The one point of agreement I have with Sonia Kennebeck’s new documentary United States vs. Reality Winner is that the United States government needs to have a better sense of how it deals with whistleblowers. Any system that uses draconian methods to snuff out any dissent towards its national security apparatus will lead to tyrannical abuses, and while there are arguments in favor of protecting classified intel, there also needs to be some sort of pathway to protect those who feel their only recourse is going public. Of course, it’s a tricky question because both the government and the individual believe they’re working in the best interest of their fellow citizens, but only one side has the power to bend the legal system to their goals. Unfortunately, Kennebeck’s documentary rarely explores these questions of power, and instead wants us to know that Reality Winner is not a bad person and therefore should be released from the consequences of her actions. It’s a weak argument, and one that renders a sloppy documentary largely inert.

In 2017, former Air Force specialist Reality Winner was working as a contractor for the Department of Defense, and she leaked classified intelligence to the online publication The Intercept revealing that Russia’s cyberwarfare division had intended to hack our elections in 2016. Because she leaked this information, Winner, whose politics skew left or at the very least anti-Trump, was arrested and eventually pled guilty to 63 months in prison. The documentary argues that Winner should be freed and celebrated because she was a good-hearted veteran who only wanted to let her fellow citizens know that the Russians were trying to hack our elections and the Trump Administration was possibly trying to cover up that information because Trump hated anything that cast doubt on his surprise 2016 victory.

Kennebeck’s portrait of Winner is frequently confusing and only serves to raise more questions. If Winner was such a brilliant linguist and voracious reader, then why did she make so many obvious mistakes in leaking intelligence? She went to The Intercept rather than a more established publication that had a history of protecting sources (one could argue that because The Intercept was founded by journalists who worked with Edward Snowden, who is in the documentary and another advocate on Winner’s behalf, Winner decided to trust them, but also Edward Snowden is in exile in Russia for the rest of his life seeking a pardon he’ll never receive, so ask yourself how well it worked out for him), and when FBI agents came to her door, she talked to them freely without seeking any kind of legal representation, thus indicating a stunning amount of naivety of how much trouble she was in or a failure to consider the full consequences of her actions.
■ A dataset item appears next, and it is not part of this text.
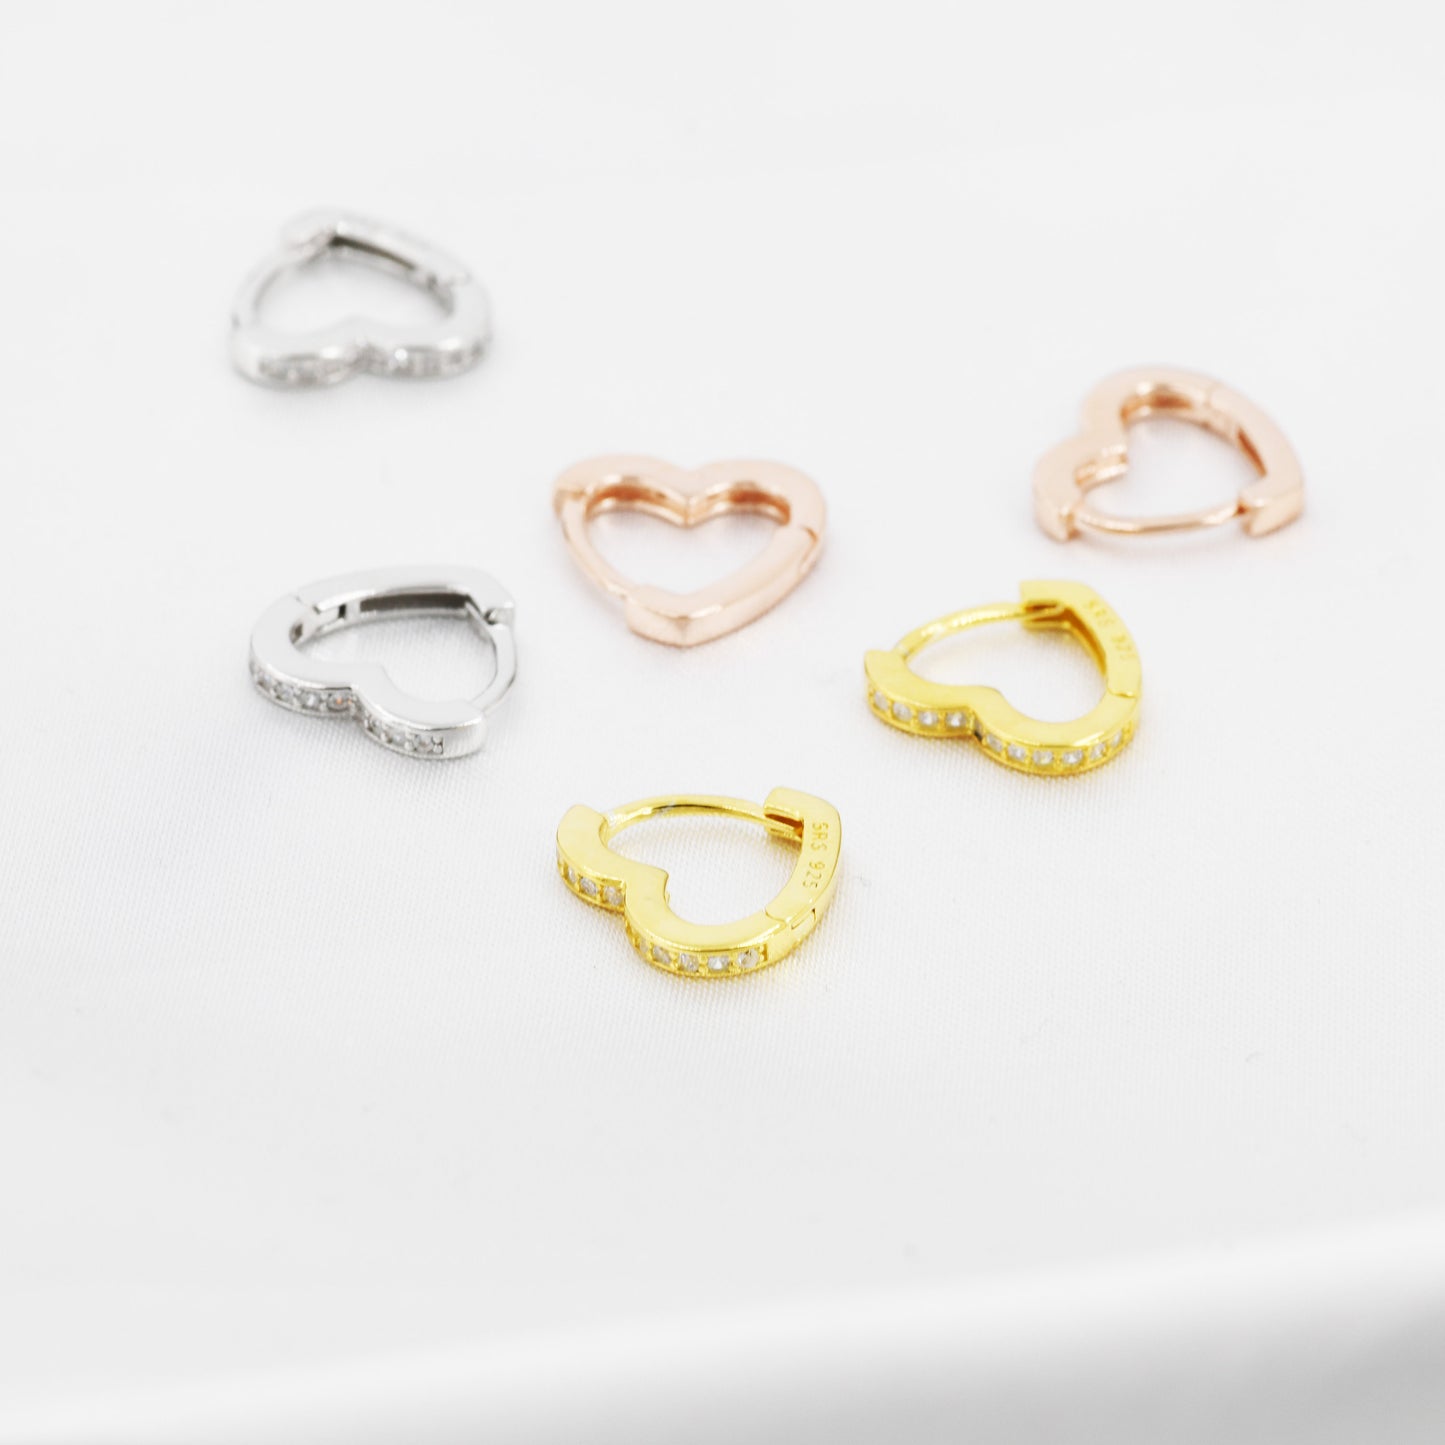 Heart Huggie Hoop Earrings in Sterling Silver, Silver, Gold or Rose Gold with CZ Crystals, Minimalist Geometric Design

There’s no interview with Winner (we get the interrogation tape from her June 2017 arrest, but everything after that comes from letters and calls to her parents rather than a one-on-one with Kennebeck, who, after her 2020 movie Enemies of the State, seems to be making an unfortunate habit of doing documentaries absent a central figure whose direct input would make the project come together), so we don’t know exactly what she was thinking or if she assumed she could remain an anonymous whistleblower. It’s also unclear what Winner’s larger goal was here. In the Snowden case, you can see his argument that if the government is spying on its own citizens, then that’s a violation of the 4th Amendment. Winner’s leak concerned the actions of the Russian government, and in December 2016 the Obama Administration had already sanctioned Russia for election hacking.

Kennebeck never gets into this level of detail because her entire case is built on Reality Winner being a good 25-year-old woman whose private texts were misconstrued, and her service to her country overlooked. That’s an incredibly weak argument because we don’t have a legal system based on personal morality; it’s based on laws. Now if you want to argue that the laws themselves are unjust, then that’s a case you can make, but Kennebeck fails to do so beyond showing that the government holds all the cards, which, no shit. Rather than laying out a better system for if and how classified information should be leaked to the public, Kennebeck retreats to trying to make us root for Winner as an individual, which means the entire case falls apart because the central tension here is not about Winner’s personality. It’s about law, classified intelligence, and the role of whistleblowers. Anything beyond that purview is largely irrelevant beyond getting people to donate to Winner’s legal fund.

This review isn’t to say Winner is a “good or bad” person or that her actions were “good or bad.” This review is to say that the movie about Winner and her case is bad. Kennebeck failed to recognize the larger implications of this case, failed to address her subject directly (it feels like Kennebeck started this documentary before Winner pled guilty, and when that happen, she lost her entire narrative arc of “Free Reality Winner”, not dissimilar to how Kennebeck also lost her main subject in Enemies of the State, which is why that film also fell apart), and failed to even create sympathy in this particular case by making Winner look shockingly ignorant of what may happen to her. If you believe that Winner is a good person and doesn’t deserve the fate that has befallen her, then you certainly don’t need a feature-length documentary to tell you that. For anyone looking for an investigation into the larger issues raised by Winner’s case, you’ll be left wanting.